Live at Leeds sounds like somebody hit the record button on the right night. When they were in that sweet spot, no band ever burned as hot. It’s the untamed fury of a band at its peak, a band that can kind of vacillate between feral beauty and the big ideas of Tommy and Quadrophenia. There’s nothing like that band in rock music. There’s the high-minded poetry of Dylan, but he was never smashing guitars, sounding like a hundred bowling balls coming down the hall. The Who combines the artistic intellect and the raw beast-itude in a way that no one ever did. Pete Townsend is always striving for it. He was a seeker in that regard. Thank goodness for him.

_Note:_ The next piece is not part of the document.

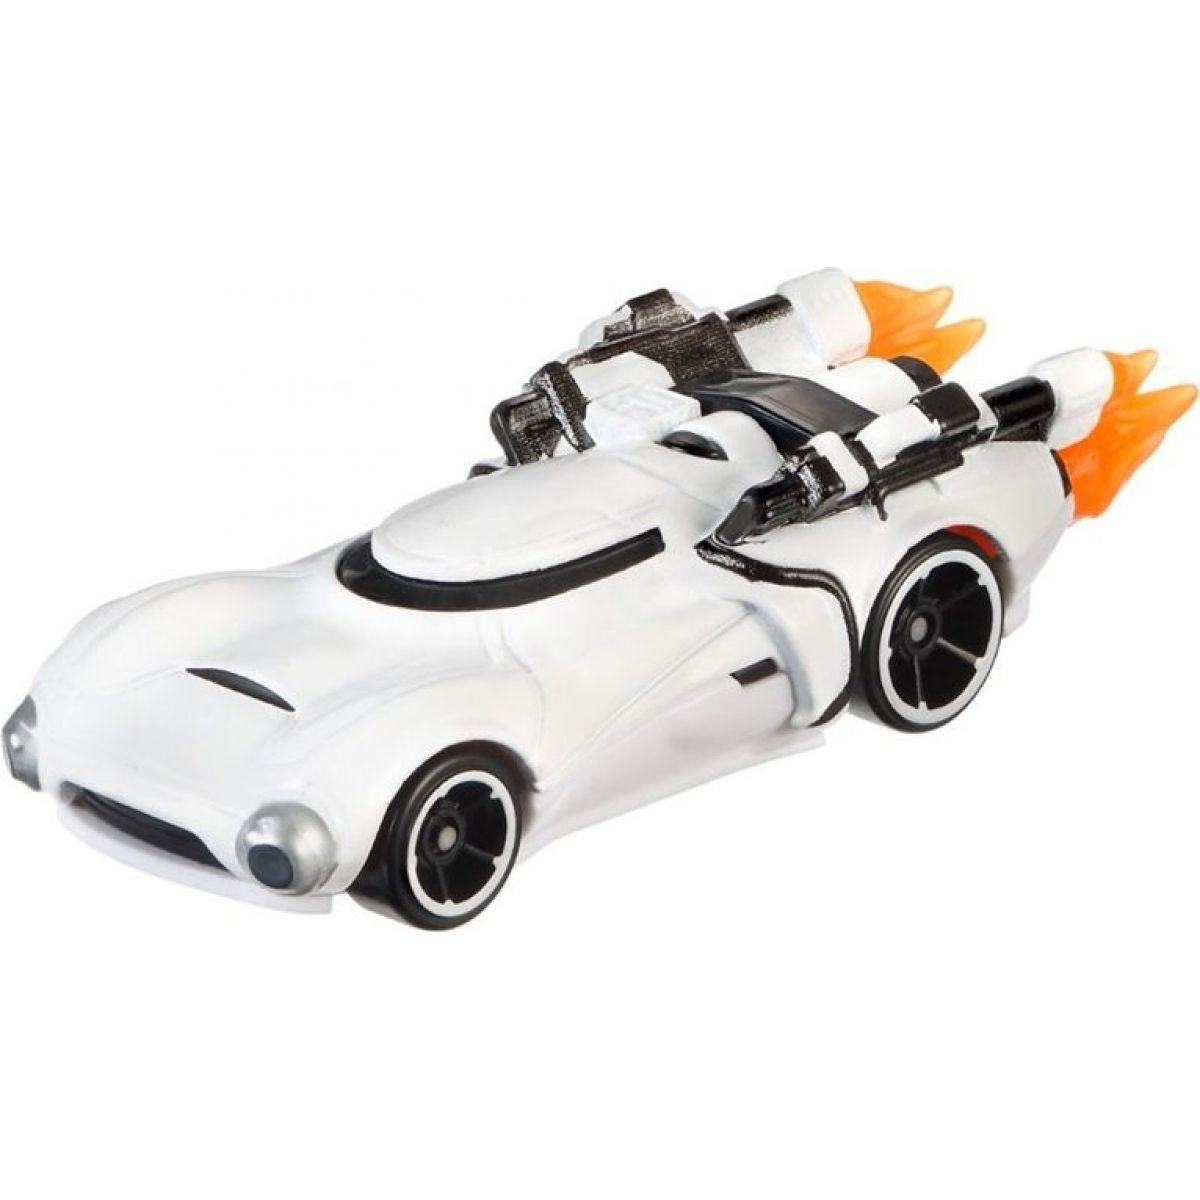 Hot Wheels Star Wars Character cars angličák - Flametrooper DXP30

At home drinking with friends, we play this game “MVP/Weak Link,” where you take any band and you must identify who’s the MVP and who’s the weak link of the band. It’s a fantastic game. I love all the members of the Who, but the MVP is Keith Moon. It’s his chaotic personality and drumming that pushes that band over the edge. The songs are incomparable, Roger Daltrey’s performances are heroic, John Entwistle’s bass playing and the artistic vision that is kind of Pete Townshend is one that is singular in rock music and his wholly his own, but it isn’t shit without the drummer. He’s the one who makes it sound like someone dropping a hundred bowling balls. When all the lions are out of the cages and they’re devouring the patrons, when that guy is behind the kit, there’s nothing like it. And it’s his wildness that is the soul of the band.
I’ve seen them a few times. I saw them in Hyde Park after John passed, and it was a pretty great show. But bands have their moment. From those early moped-driving, pill-poppin’, amp-smashing days up until Roger Daltrey’s fringe jacket, with Pete Townshend redefining rock star with every pose, that’s the sweet spot. As a live band, you just can’t touch that.